子供が小食で栄養不良になると男女で共通して成長に悪影響を及ぼし、病気に対して免疫力が低下します。そのため、風邪やインフルエンザなどの感染症に感染しやすくなります。
身体面でも栄養を不足することによって筋肉がつかないため、運動や肉体労働が困難になります。また、脳にまで栄養が行き届かなくなるため、学習能力も低下します。
年齢が低ければ低いほど栄養不良は身体と精神の成長を止めてしまいます。この栄養不良は学校の成績にも影響を及ぼしてしまうので、将来大人になってから収入が低下することが多いと言われています。
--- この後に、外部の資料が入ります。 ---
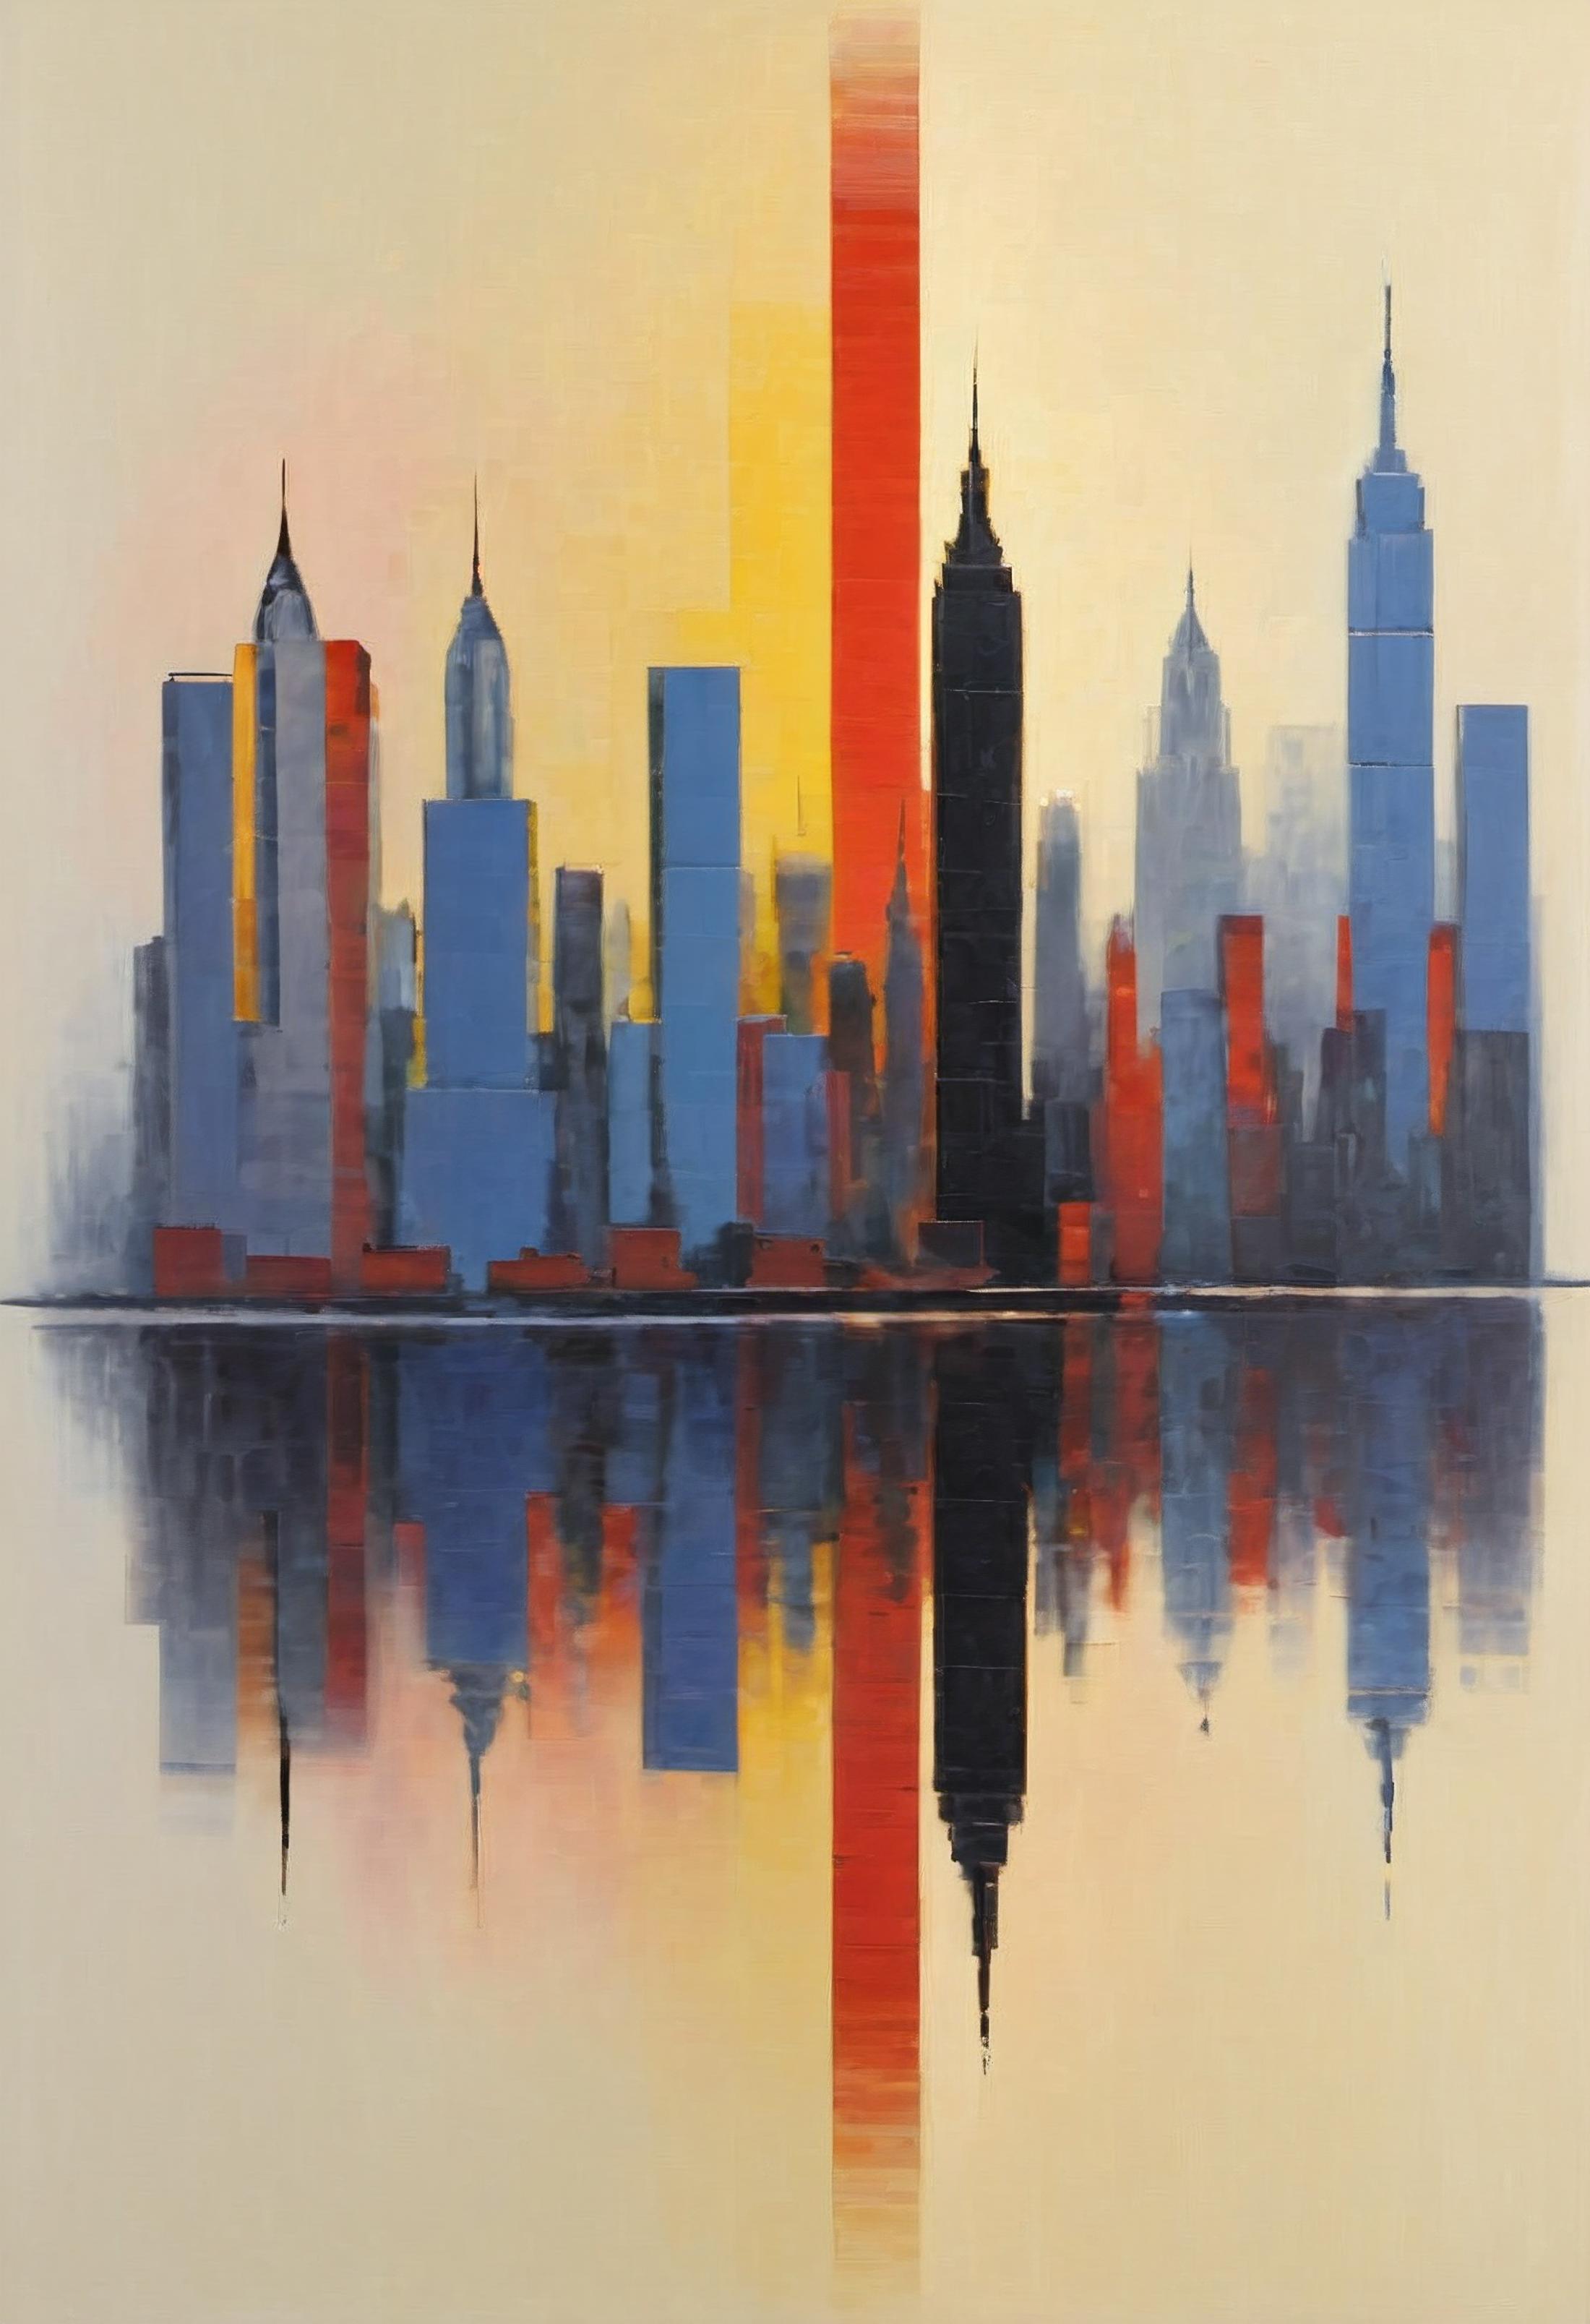 Artistic Cityscape Painting with Reflection of Buildings in Water

女の子が栄養不良で大人になると、妊娠したときに赤ちゃんに栄養が取られてしまうため危険な状態に陥ります。また、出産できたとしても母乳で育児をすることも難しくなってしまいます。
(参照:国連WFP「栄養不良とは」)
おやつで栄養補給をしてみる
おやつというとお菓子を食べるイメージだと思いますが、実は子供の時は足りない栄養を補給するためのものなんです。
また、上手に摂ることができれば夜遅くにお腹が空くということも防ぐことができます。「おやつは体に悪いからダメ」と考える方がいますが、うまくおやつを使えば、子供の成長をサポートすることができます。
おやつを食べるときはおにぎりやサンドウィッチ、バナナなどの果物、身長サプリなど簡単に食べることができるものがおすすめです。
まとめ
以上、子供の小食について解説をしました。小食の原因は色々なことが考えられるので、お子さんの食欲を下げている原因を見つけないといけません。
小食のままでいると成長に悪影響を及ぼす可能性があります。また、そのまま大人になると運動能力や学習能力にも影響を及ぼします。
女の子だと妊娠にも関わってきます。今後のことを考えると小食は絶対に直しておくべきです。普段のカロリーを計算して足りない分をおやつで補ってみてはいかがでしょうか。